COLUMNS

Opinion/Owens: Strategic vigilance and rare earth elements

By Mackubin Owens
Opinion

Mackubin Thomas Owens is a senior fellow of the Foreign Policy Research Institute in Philadelphia.

On Sept. 30, President Donald Trump signed an executive order declaring a national emergency in the mining industry with the goal of incentivizing “the domestic production of rare earth minerals [also called rare earth elements (REEs)] critical for military technologies while reducing American dependence on China.” The EO states that the country’s heavy reliance on critical minerals from foreign adversaries constitutes an unusual and extraordinary threat to the national security, foreign policy, and economy of the United States. Trump ordered the appropriate departments to study the matter, examining the feasibility of government grants for production equipment, as well as tariffs, quotas or other import restrictions against China and other foreign adversaries.

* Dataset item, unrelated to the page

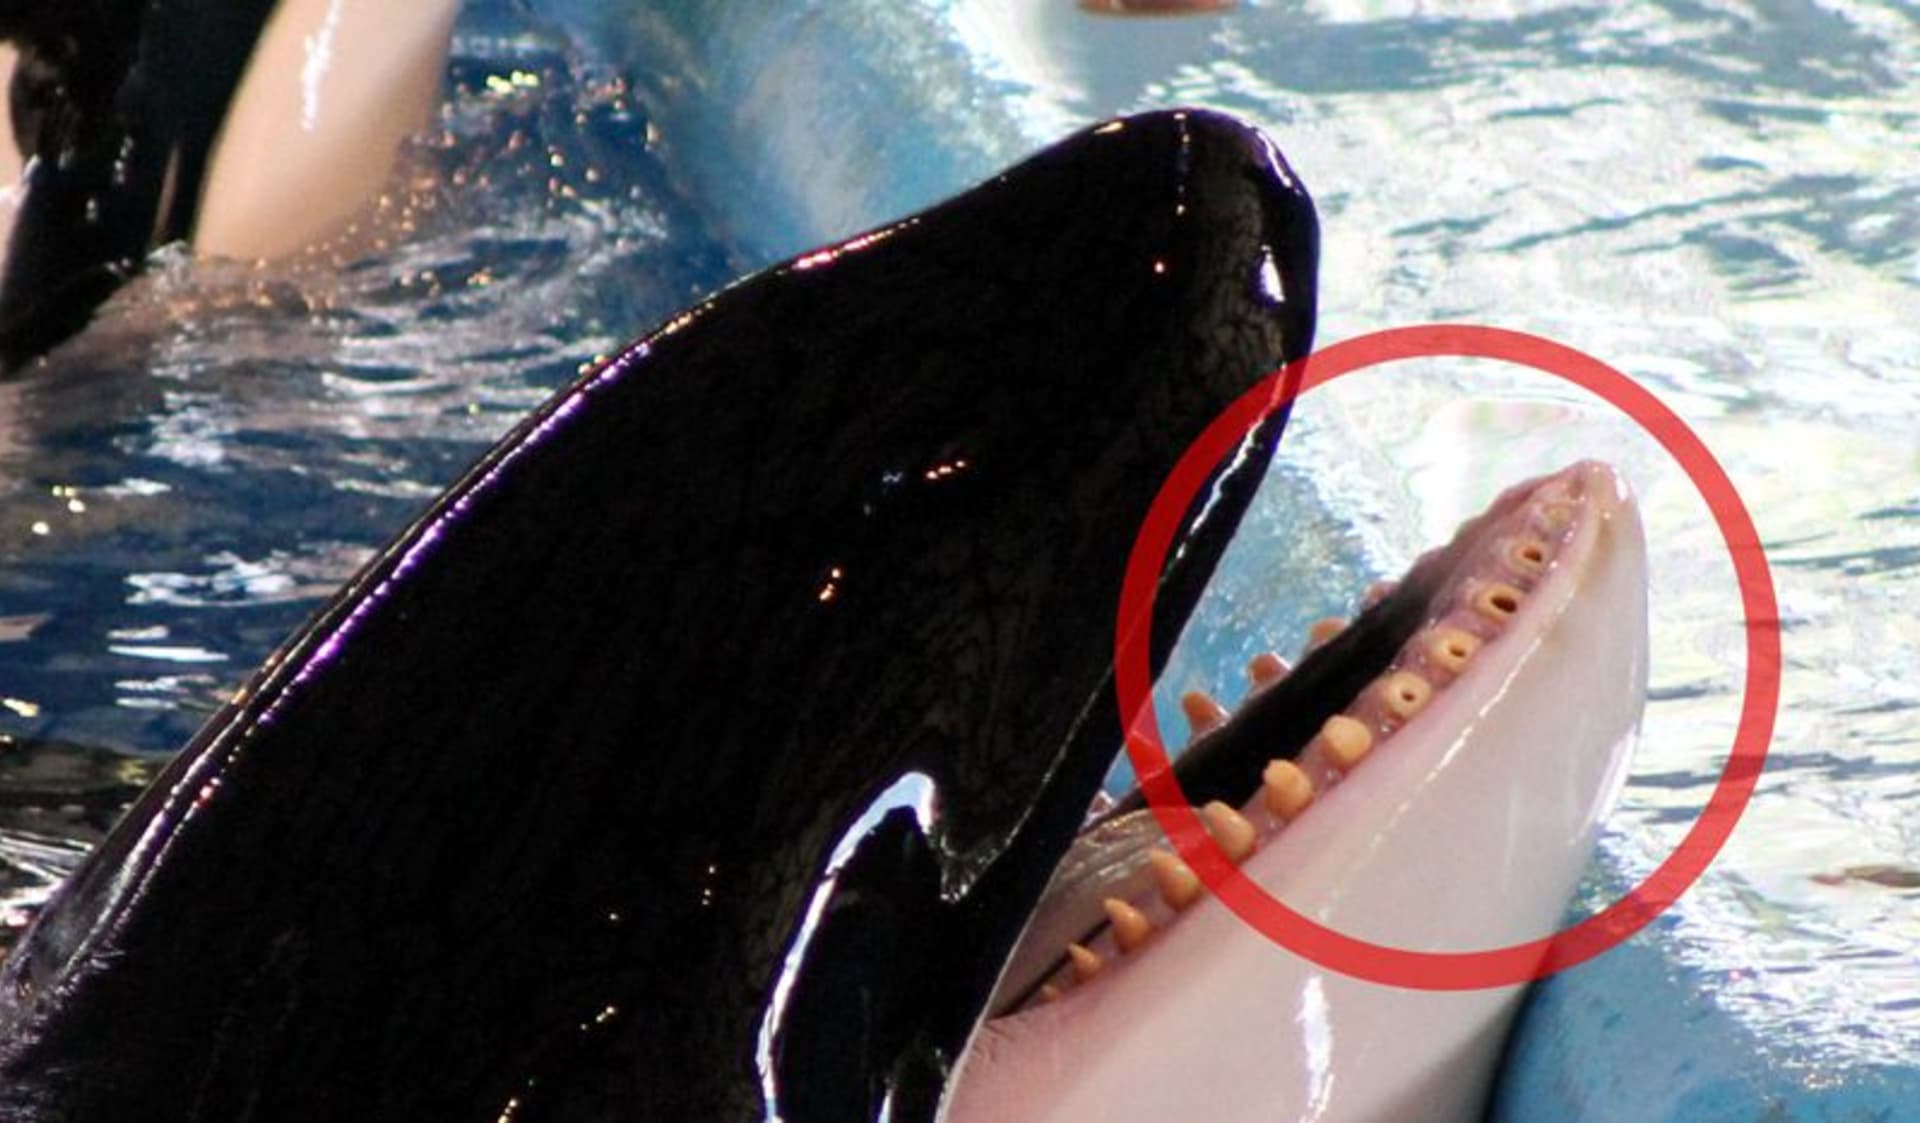 SeaWorld San Antonio byl ze špatného zacházení se zvířaty obviněn již dříve. Kosatky i jiná zvířata tu často podlehnou onemocnění a způsobují si těžká zranění.

REE refers to 17 minerals critical to the manufacturing of missiles and munitions, hypersonic weapons, and radiation-hardened electronics, as well as such consumer goods as cellphones and catalytic converters in automobiles. To cite just two examples, every F-35 fighter requires 920 pounds of REE and each Virginia-class submarine needs 10 times that amount.

The problem is that new domestic REE mines and processing facilities can't get off the ground due to high start-up costs. REE prices need to reach certain thresholds in order to encourage investment in new domestic production.  But REEs are typically byproducts of other minerals such as copper and nickel, the prices of which have been flat in recent years.  Consequently, mining companies have had little incentive to produce REEs. Instead, they are treated as a nuisance, impurities that must be removed. 

Based on market forces alone, REEs are not valuable enough to mine or process, enabling China's heavily subsidized mining industry to dominate global REE production.  As a result, the United States imports 80 percent of these elements directly from China, with much of the remainder indirectly sourced from China through other countries.

Among other things, China’s near monopoly on REEs provides the potential for economic blackmail. For instance, in September of 2010, a Chinese fishing boat rammed two Japanese coast guard vessels in the contested waters of the East China Sea. The Japanese government announced its intention to try the captain of the fishing boat. In response, the Chinese government took retaliatory measures to include an embargo on REE sales to Japan.

Fortunately, the risk created by U.S. dependence on China for critical minerals is now generally recognized.  Following Trump’s EO, Ellen Lord, Undersecretary of Defense for Acquisition and Sustainment, testified before the Senate Armed Services Subcommittee on Readiness and Management, calling for a U.S. rare earth mineral strategy.

The United States needs to develop a "commercially viable" minerals supply chain that will require government involvement along the lines suggested by Undersecretary Lord: increase U.S. REE stockpiles; require the government and certain businesses to purchase REEs and other minerals from domestic mines instead of importing them; offer matching funds to encourage private-sector investment in REE production; provide tax credits to companies that repatriate jobs from China; ban federal contracts to companies that outsource to China; and broaden the mandate of  the Committee on Foreign Investments in the United States (CFIUS) to include economic security and strategic vigilance.

But the long run key to reducing REE vulnerability is sustained attention to the problem rather than the episodic and short-lived responses that have characterized past U.S. actions. This means a prudent approach to “market fundamentalism,” the predisposition to make a fetish of “free trade.” The fact is that free trade works only when the parties to trade agreements act in good faith. China has not done so, and indeed, has gamed the system to change trade from a positive-sum game, in which both parties benefit, to a zero-sum game, in which there is no reciprocity. Prudence requires us to recognize the inability of the market alone to address geostrategic vulnerabilities.